Судя по объявлениям в "Нашей стране", деятельность этого комитета по-видимому, в немалой степени благодаря г-ну Альшанскому в последнее время значительно оживилась.

***

 

Если еврею из Советского Союза нынче минуло 50-55 лет, он почти наверняка участвовал в войне и является, таким образом, ветераном борьбы с нацизмом. И таких среди нас очень много.

Есть инвалиды войны, есть многократно раненные, многократно награждённые, проявившие ту или иную степень героизма. Все они заслуживают почёта и уважения, признательности и благодарности нашего народа.

Я лично, из естественного опасения оказаться несправедливым и незаслуженно обидеть или преувеличенно вознести кого-либо, воздержался бы от введения какой бы то ни было шкалы "градации воинских заслуг".

Тем более, что воинское звание в советской армии, количество полученных орденов и медалей не всегда являются надёжным мерилом ратной доблести. Я не уверен, например, что маршал Брежнев или генерал Драгунский, увешанные ниже пупа "правительственными наградами", проявили больше мужества и отваги, чем какой-нибудь отставной сержант Хаймович, у которого "всего-то" два ордена Славы и которого честный, но наивный командир так настойчиво и безуспешно представлял к Герою.

Естественно, что после победы над Германией огромное большинство боевых офицеров было уволено в запас. Они стали рабочими и инженерами, учителями или завхозами, художниками или агрономами... Но всем им дорого боевое прошлое, и все они для нас – ветераны войны с нацизмом.

Не многие из них часто люди "без мирной профессии" − остались в кадрах советской армии (кстати, евреев сейчас среди них почти нет). Эти "кадровики" стали профессиональными военными, а точнее военными чиновниками, поскольку Россия не воюет уже более тридцати лет. Им продолжали присваивать очередные воинские звания, регулярно награждать орденами и медалями: за выслугу лет и в честь знаменательных дат. Постепенно они уходят на пенсию, их вытесняют молодые офицеры с высшим военным и техническим образованием те самые шустрые лейтенанты, которые пустили в обиход хлёсткое определение: "Полковник – это выживший из ума подполковник".

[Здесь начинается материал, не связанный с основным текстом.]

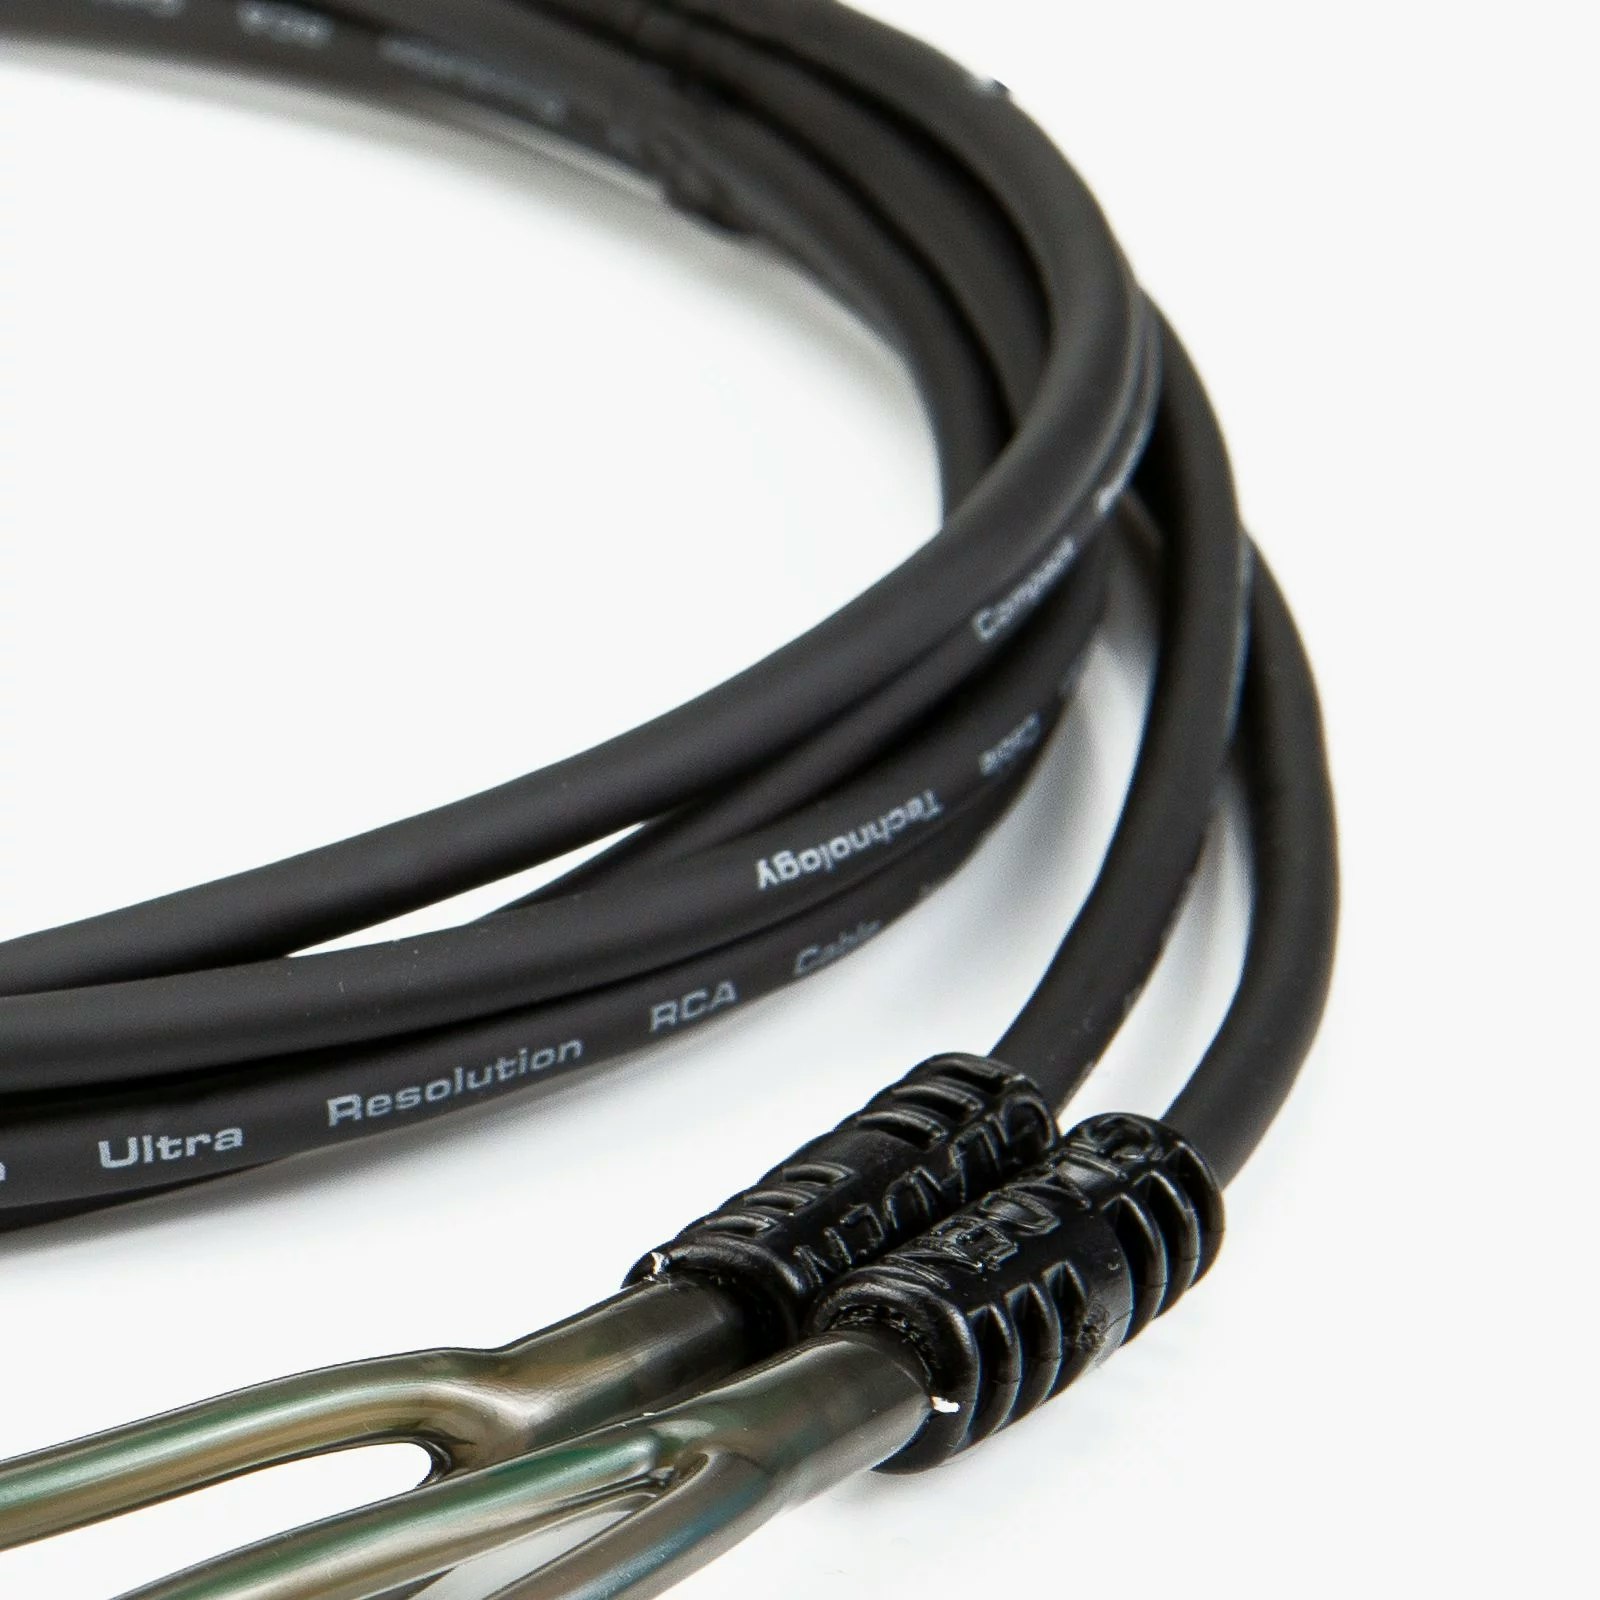 Gladen ECO 5m RCA-kabel

Конечно, не все кадровые офицеры посредственности: есть среди них и блестящие специалисты, каким был, например, мой земляк, светлой памяти Файвл Давидович, дорогой сын еврейского народа и бесстрашный борец против советского антисемитизма.

Но мне и беру на себя такую смелость всему еврейскому народу Давидович не был бы менее дорог, если бы последние тридцать лет вместо службы в советской армии он работал учителем или экономистом. Так же, как в биографии Йосэфа Трумпельдора отнюдь не самым главным является то, до какого воинского звания он дослужился в России.

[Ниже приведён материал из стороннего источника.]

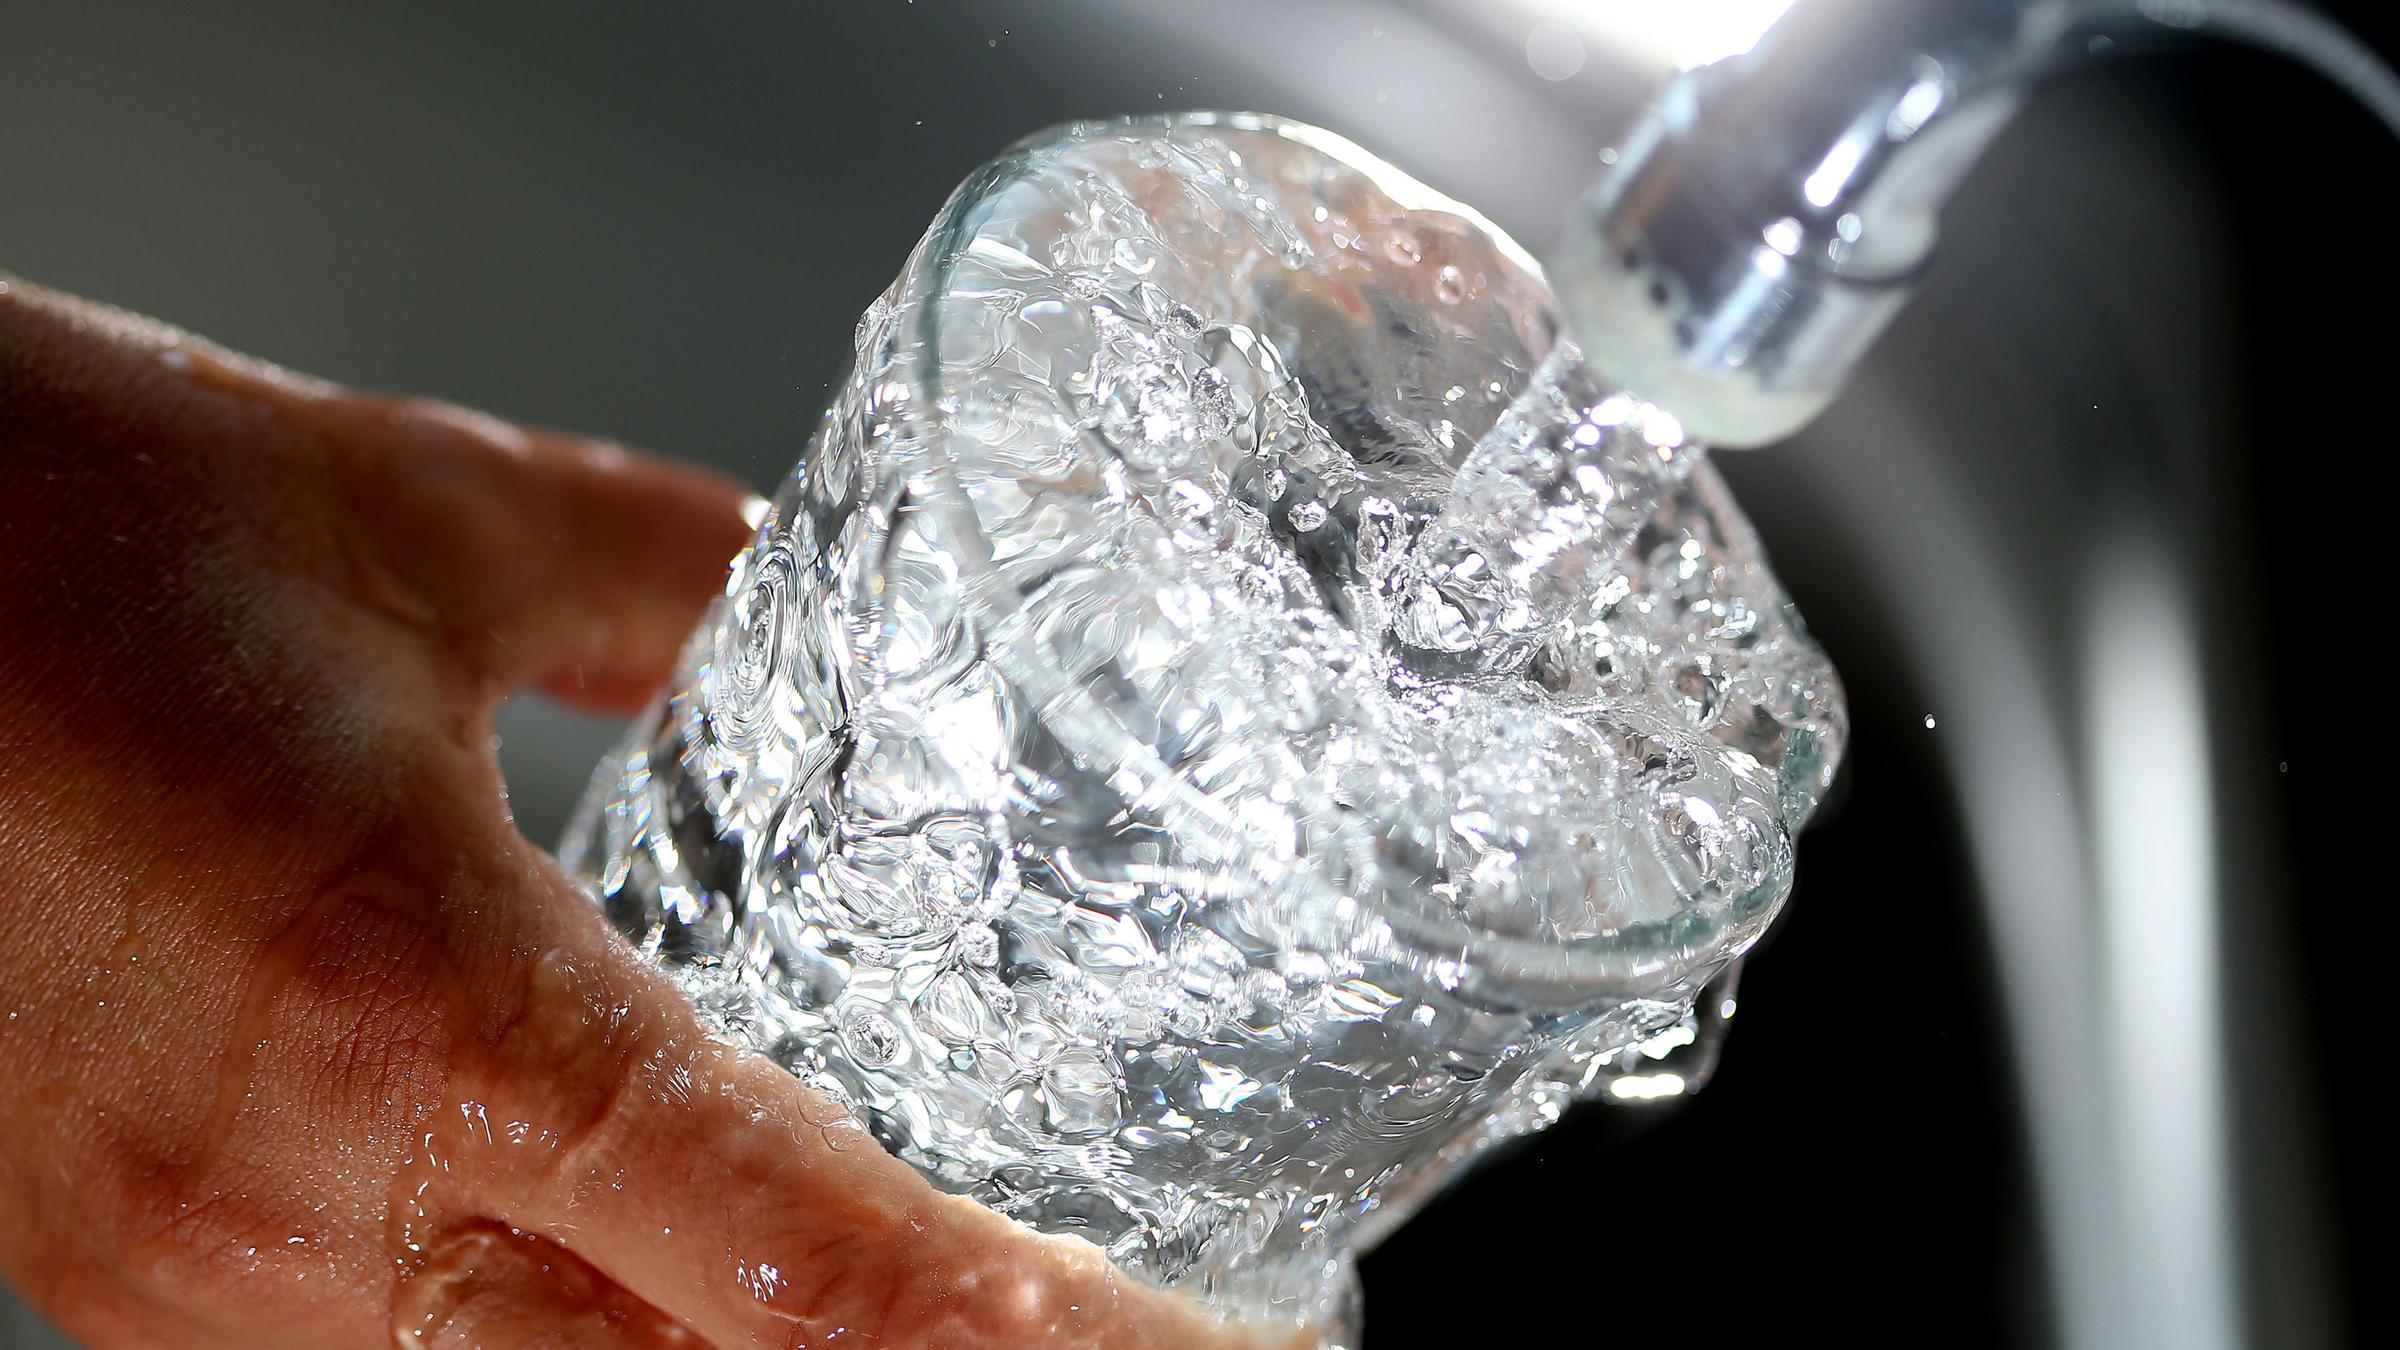 Fünf Tipps für gutes Leitungswasser: So bleibt es gesund - ZDFheute

Я был глубоко взволнован, когда Шимон Перес вручал жене и дочери Давидовича почётные знаки отличия полковника Армии обороны Израиля. Возможно, это пристрастная ненасытность человека, который знал его лично, но будь моя воля и власть я бы назвал именем Давидовича хотя бы улицу в каждом израильском городе, а на цоколе памятника, где-нибудь в центре "олимовского шикуна", выбил бы слова того же Трумпельдора:

"Хорошо умереть за нашу Родину".

Но для меня никогда не существовал "ветеран войны с нацизмом полковник Давидович", а тем более "Герой Советского Союза полковник Давидович", как величала его однажды газета "Наша страна". Для меня существует, во-первых, еврейский юноша, который со школьной скамьи пошёл воевать, прошёл два года трудной фронтовой дорогой, пять раз был ранен в боях и закончил войну в возрасте 21 года, в звании капитана, с тремя орденами и несколькими медалями. Капитан Ефим Давидович, ветеран войны, человек, каких среди нас многие и многие тысячи.

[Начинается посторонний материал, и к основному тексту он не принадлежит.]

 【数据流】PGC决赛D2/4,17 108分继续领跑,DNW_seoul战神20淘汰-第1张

И, во-вторых, существует человек, который собрал в своём сердце всю боль и все раны еврейского народа; чью большую и дружную семью уничтожили нацисты; который не мог мириться с воинствующим юдофобством советских властей, с их звериной ненавистью к Израилю – и вступил с ними в открытый, бесстрашный и неравный бой. И отдал жизнь в этом бою мужественный сын нашего народа Файвл Давидович, да будет благословенна память его, человек, каких очень не много среди нас.

Я перечитываю его гневные обличительные письма, по смелости граничащие с самопожертвованием, с истинным "безумством храбрых", письма, которыми этот тяжело больной и замученный допросами человек бомбардировал высшие советские органы. Он диктовал мне эти письма по телефону, и они появлялись в западной печати.

Я перечитываю его письма и переживаю смутное чувство обиды и неисполненного долга перед памятью этого человека. И, кроме того, меня преследует неприятное ощущение, будто все мы – жертвы какого-то коллективного помрачения: кто-то решил сбить нас с толку и почти преуспел в этом .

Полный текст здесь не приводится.